Two bears finally find freedom after 25 years of captivity
After more than two decades of cruel confinement on a bear farm, Bonnie and Clyde were successfully rescued in a joint effort with Vietnam’s Forest Protection Department, thanks to your support.
The bears known as Bonnie and Clyde were found living in severely substandard conditions on a bear farm in Binh Duong province of Vietnam. The cages they were kept in were cramped, rusty and barely had any access to sunlight, let alone room to express their natural behaviours. The bears held in captivity appeared depressed, sluggish and seemed to have given up all hopes of being freed.
But thanks to your support, we were able to work with Vietnam’s Forest Protection Department (FPD) to help rescue these sentient beings and give them a life they’ve deserved all along – a life worth living.
After 25 years of misery in captivity, Bonnie and Clyde will now live a peaceful life at the Vietnam Bear Rescue Centre, a specialized bear sanctuary known for its commitment to animal welfare, run by the Animals Asia Foundation (AAF).
Maya Pastakia, International Campaign Manager, World Animal Protection, said:
“In 2005, the Vietnamese government made bear bile farming illegal, but a loophole has allowed bear owners to keep their bears on their farms as “pets”, meaning that hundreds of bears are still suffering a tortuous life in captivity in Vietnam.
“These two beautiful bears, Bonnie and Clyde, were kept in cruel conditions for 25 years, unable to feel the sunlight on their skin and breath fresh air, or roam around and express their natural behaviours as they ordinarily would in the wild. The Vietnamese government must close all remaining legal loopholes to end the suffering of bile bears for good, ensuring that this is the last generation of bears to suffer in captivity. Wild animals have a right to a wild life.”
The rescue was made possible because of Vietnam’s FPD programme, supported by our wildlife team, which monitors bear farms for illegally held bears and persuades their owners to voluntarily surrender these majestic animals to sanctuaries.

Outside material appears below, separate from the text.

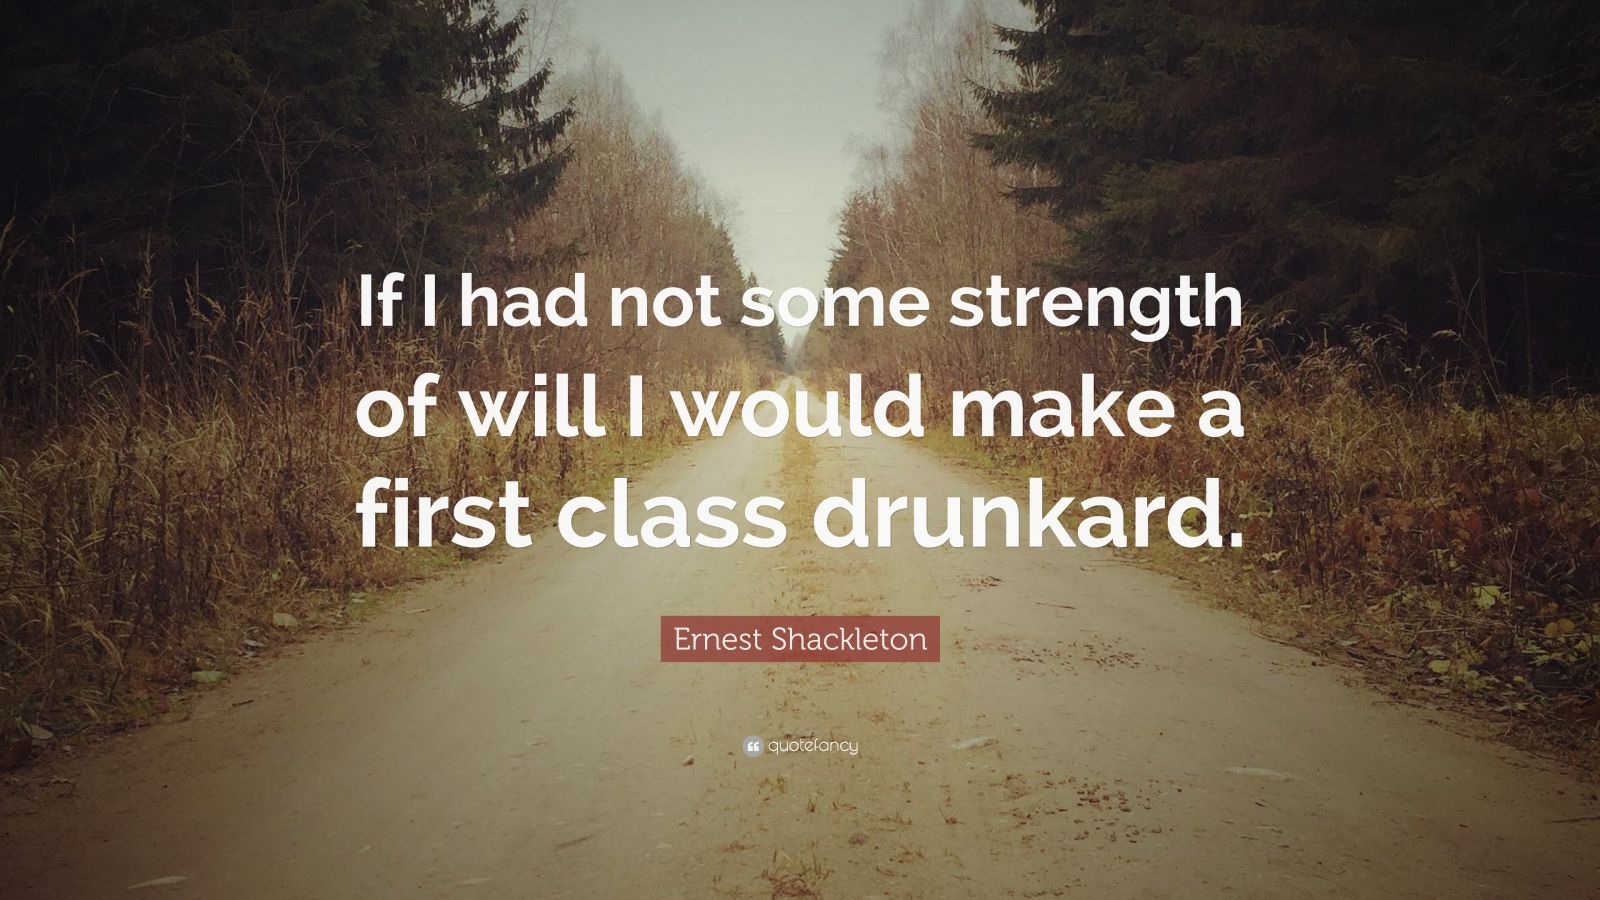 Ernest Shackleton Quote: “If I had not some strength of will I would

In the case of Bonnie and Clyde, it was a voluntary surrender as their owners weren’t able to provide adequate care for the bears in captivity and desired for them to lead a better life elsewhere. The bears were finally freed from the farm with the help of a dedicated team of wildlife experts and local authorities last month.
Bonnie and Clyde will now enjoy the rest of their lives foraging, rolling on soft grass, bathing in the sun and playing in a semi-wild environment filled with enrichments specifically designed to stimulate their natural behaviours.
Thanks to collaborative efforts like this and support from dedicated animal lovers like you, there are now more bears in sanctuaries and rescue centres (336) than on farms (226) in Vietnam.
Together, we can protect bears from cruel captivity and give them lives worth living.